Through sloppy usage and low standards on the Internet, in e-mail, and now "txt msgs", we have made proper punctuation an endangered species. In Eats, Shoots & Leaves, former editor Lynne Truss dares to say, in her delightfully urbane, witty, and very English way, that it is time to look at our commas and semicolons and see them as the wonderful and necessary things they are.
©2003 Lynne Truss; (P)2004 BBC Audiobooks, Ltd
"Oh, to be in England. Or rather, oh, to have quotidian access to BBC4 radio productions such as Cutting a Dash....Thank goodness all six episodes are available as a classy audio production....Through it all, the crisp, humor-filled voice of comedy writer/literary editor Lynne Truss gives us permission to laugh aloud while being shocked, yes shocked, about the disastrous state of punctuation and grammar in the modern world." (AudioFile)
Cute, but because it is a collection of radio broadcasts, it becomes very formulaic and predictable. Enjoyable for a quick listen, but seemed long, although it was only an hour in length.
First, is't not the original book, which I assumed it was. Rather is a number of disjointed excerpts, interviews, and sound bites, with lackluster attempts at comedy. I took away nothing I did not know.
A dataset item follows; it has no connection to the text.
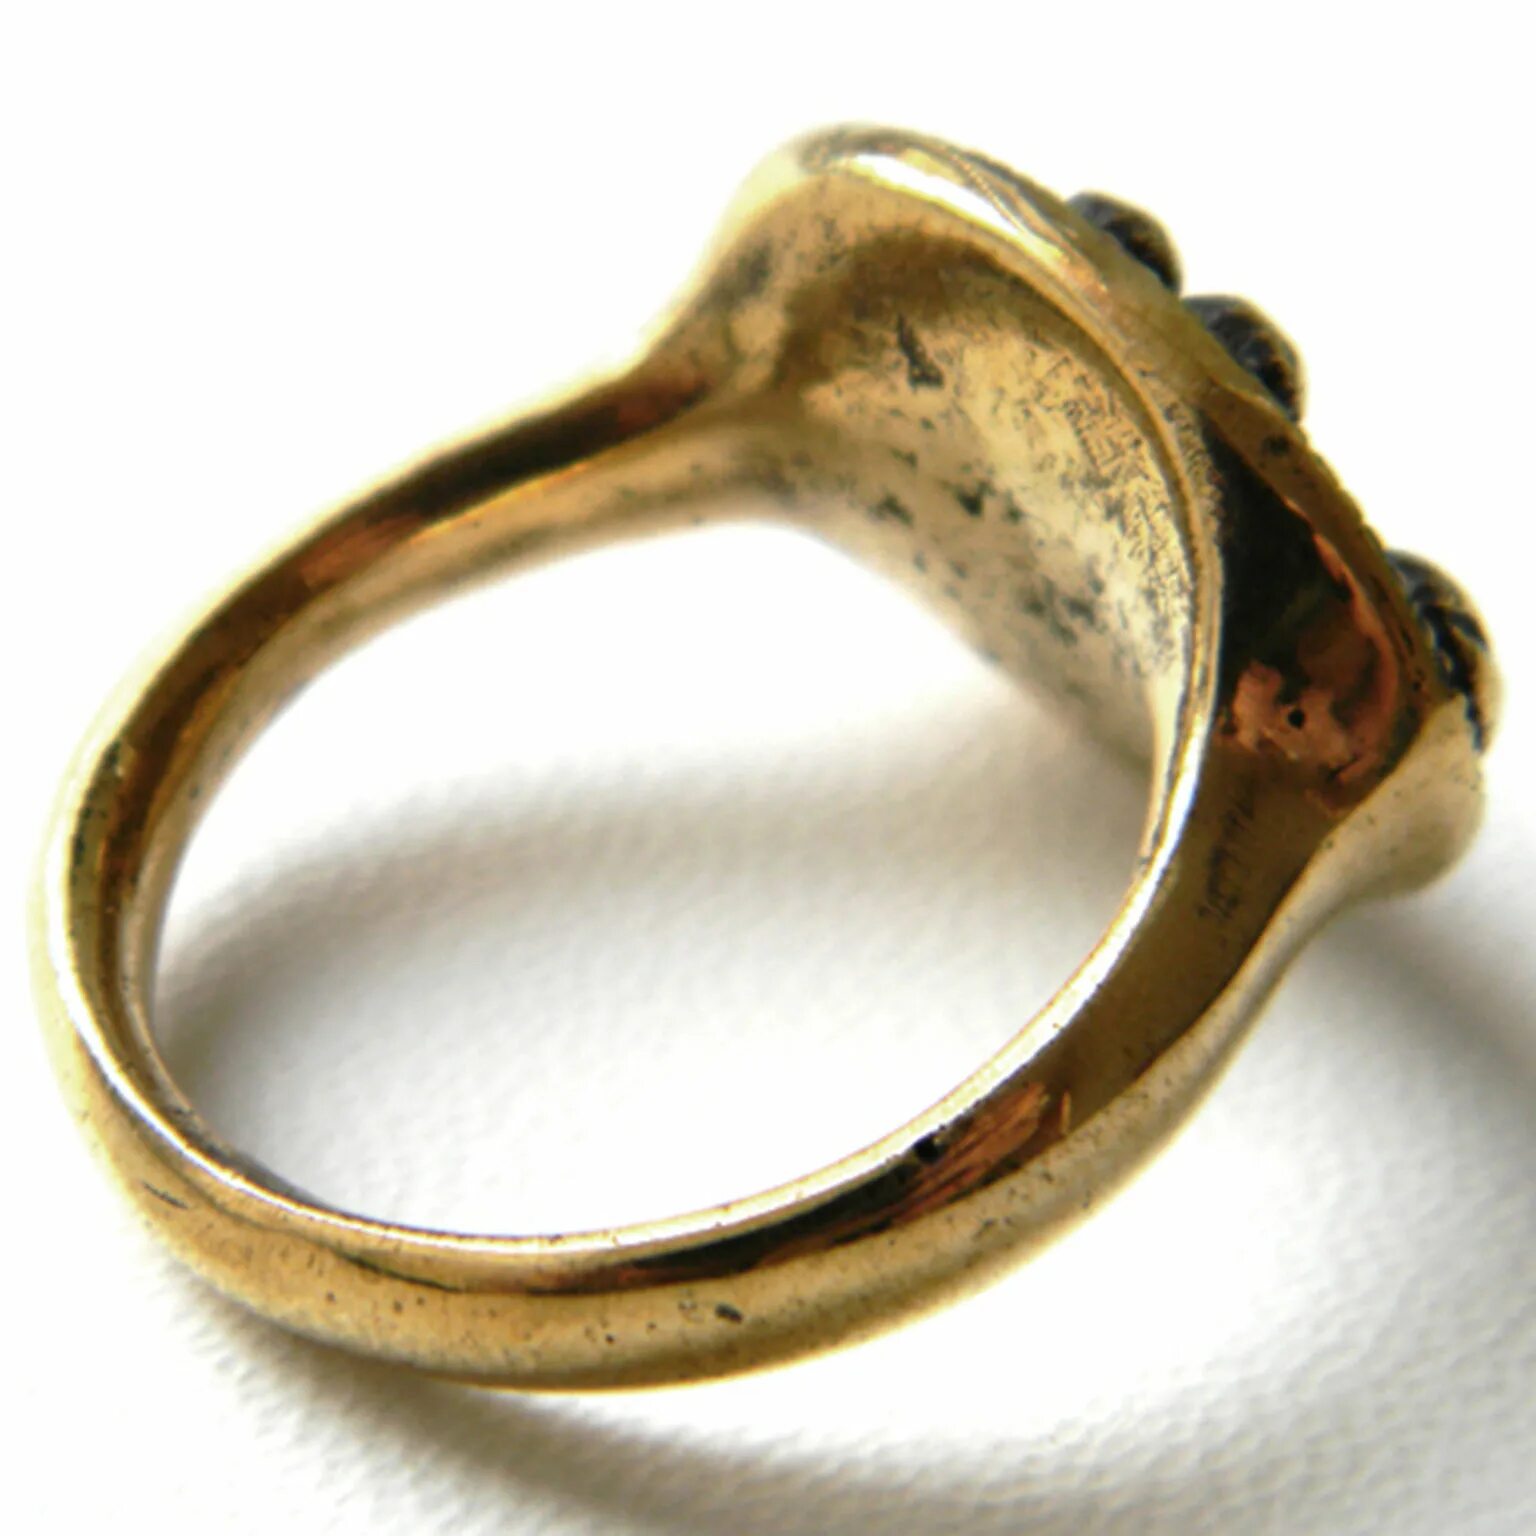 Бронзовое кольцо история жизни обычной семьи 14. Бронзовое кольцо. Бронзовый перстень. Кольцо из бронзы. Кольцо с рыбкой.

It is poor value for the cost. If the price we $3.95, I probably would not return it.
I was hoping for so much more; disappointing product. This content may have been better as the BBC show or as written material. There were parts such as the walks along London streets that did not work well in this format. There are better books on this subject matter.
I really enjoyed this book and it really helped me with my writing, but I think it was just the recordings of the radio show that the book is based on because it didn't flow like most audio books. I plan on buying the actual book to compare.